It was thought that M-TLong may display higher enzyme activities compared to M-TShort because of the long spacer arm, thus leading to less steric hindrance for the substrates approach to the active site. However, Table 1 indicates that M-TLong gave a lower activity compared to M-TShort. The effect of using a hydrophilic linker attached to the particle may, however, be more pronounced when using substrates with higher molar mass or which are insoluble, as would be the case for immobilized endoglucanases and exoglucanases. The PNPG substrate is only 0.3 kDa in size and would be able to easily diffuse to the active site [15]. The effect of decreasing the particle size was studied for M-Cyanuric and M-PGL particles since smaller particles could promote higher surface area per gram of particles. Using a particle size of 0.5 μm instead of 1 μm increased bead-related activity by 16 % for M-Cyanuric particles. For M-PGL, no significant increment was observed.
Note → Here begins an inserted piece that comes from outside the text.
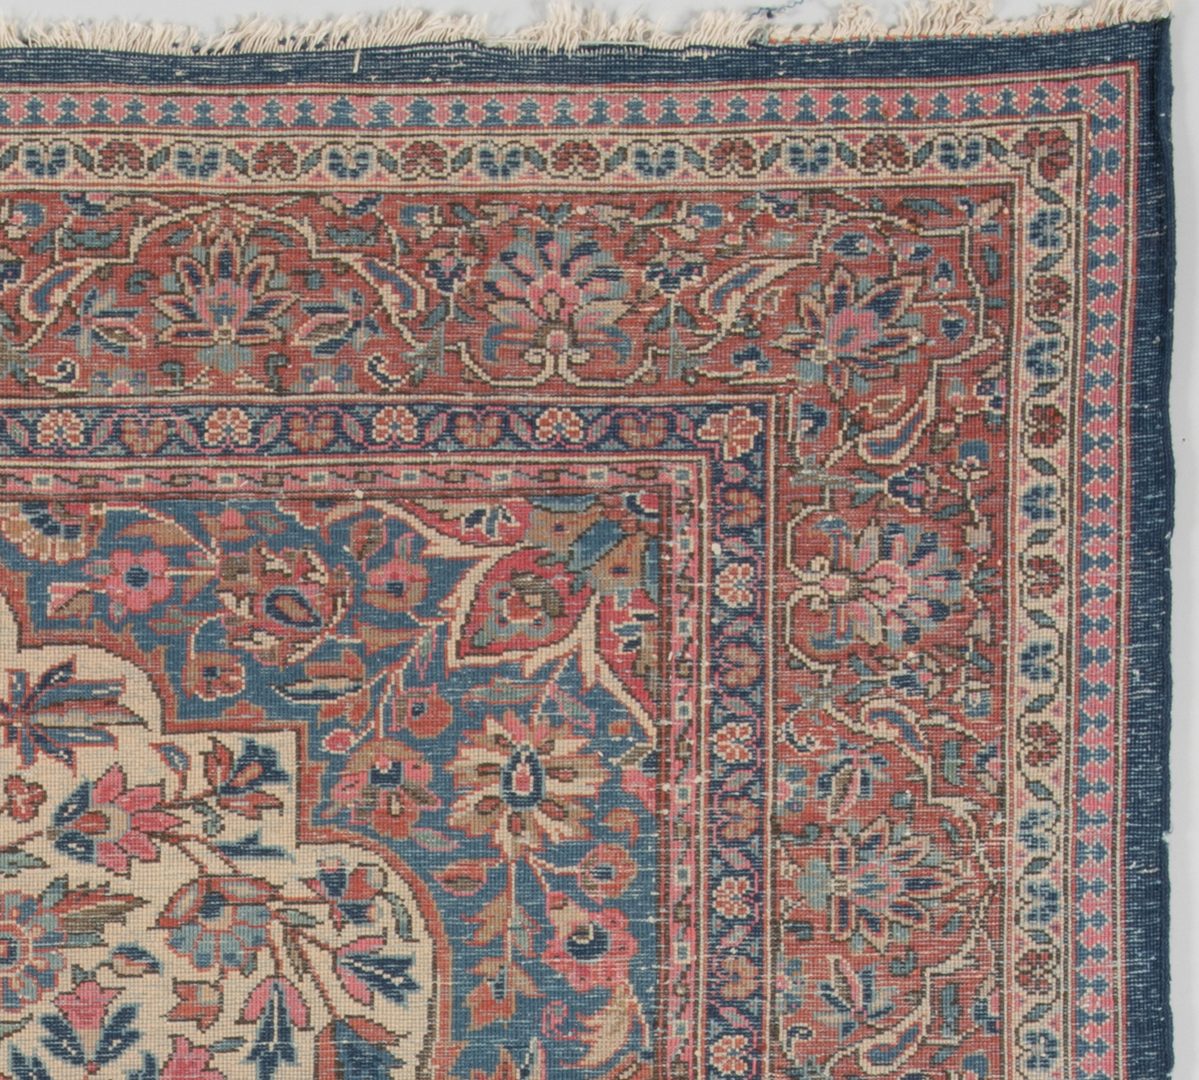 Lot 301: 2 Antique Persian Area Rugs

Effect of Amount of Added Enzyme During Immobilization and Enzyme Origin
For M-Cyanuric and M-PGL particles, the effects of varying the amount of enzyme units added during immobilization was studied. In terms of process, economizing the amount of added enzyme is an important factor to consider, and it can be observed in Fig. 1 that the bead-related enzyme activity for M-Cyanuric was higher than M-PGL particles at all enzyme loadings. It was also observed that for both particle types, there was only a slight improvement when more than 6 U of free enzyme/mg particles was added during immobilization, suggesting that the coupling sites on the particles were saturated with enzyme.
Bead related activity (U/g particles) after coupling different amounts of Megazyme β-glucosidase to M-Cyanuric (filled diamonds) and M-PGL (open triangles) particles. Data and error bars represent average and standard deviation, respectively, of three replicate experiments
A cheaper alternative to Megazyme β-glucosidase, i.e., Novozym 188, was also examined for immobilization. Equal amounts of enzyme units (6 U β-glucosidase/mg particles) were used during coupling to M-Cyanuric and M-PGL particles, and the results are shown in Fig. 2. It can be observed that there is almost a 10-fold lower enzyme activity when using Novozym 188 compared to Megazyme β-glucosidase for both M-Cyanuric and M-PGL particles. This difference correlates well to the difference in specific activity of free Megazyme β-glucosidase and Novozym 188 which was determined to be 54.6 and 8.3 U/mg protein, respectively, using the PNPG assay. The values of bead-related activity using Novozym 188 (9.8 and 8.5 U/g particles for M-Cyanuric and M-PGL particles, respectively) are slightly higher compared to a previous study by Tu et al. [16]. They covalently immobilized Novozym 188 on Eupergit C (a non-porous epoxy-activated support) and obtained a bead-related immobilized β-glucosidase activity of 3.5 U/g particles. Novozym 188 is a crude enzyme preparation while Megazyme β-glucosidase is a purified preparation [19, 26]. The primary amine groups exposed on the surface of other enzymes besides β-glucosidase are most likely also covalently linked to the particles during the immobilization step, thus reducing the final bead-specific β-glucosidase activity of the Novozym 188. In addition, the difference in specific activity between Megazyme β-glucosidase and Novozym 188 is in fact even higher after enzyme immobilization, which could be due to higher affinity of the impurities in Novozym 188 to the particles, compared to β-glucosidase. The difference in enzyme purity is displayed by SDS–PAGE (inset in Fig. 2) of free Megazyme β-glucosidase and Novozym 188. For Megazyme β-glucosidase (lane 1), it can be seen that two clear bands are visible; ca. 120 kDa and 70 kDa representing β-glucosidase and BSA, respectively (BSA is added to promote stability during storage). For Novozym 188 (lane 3), it can be observed that β-glucosidase is present and there are three additional bands with molecular weights of about 60, 80, and 105 kDa. When overloading Novozym 188 (lane 4), it can be observed that three protein bands appear within the molecular weight range of 25–35 kDa.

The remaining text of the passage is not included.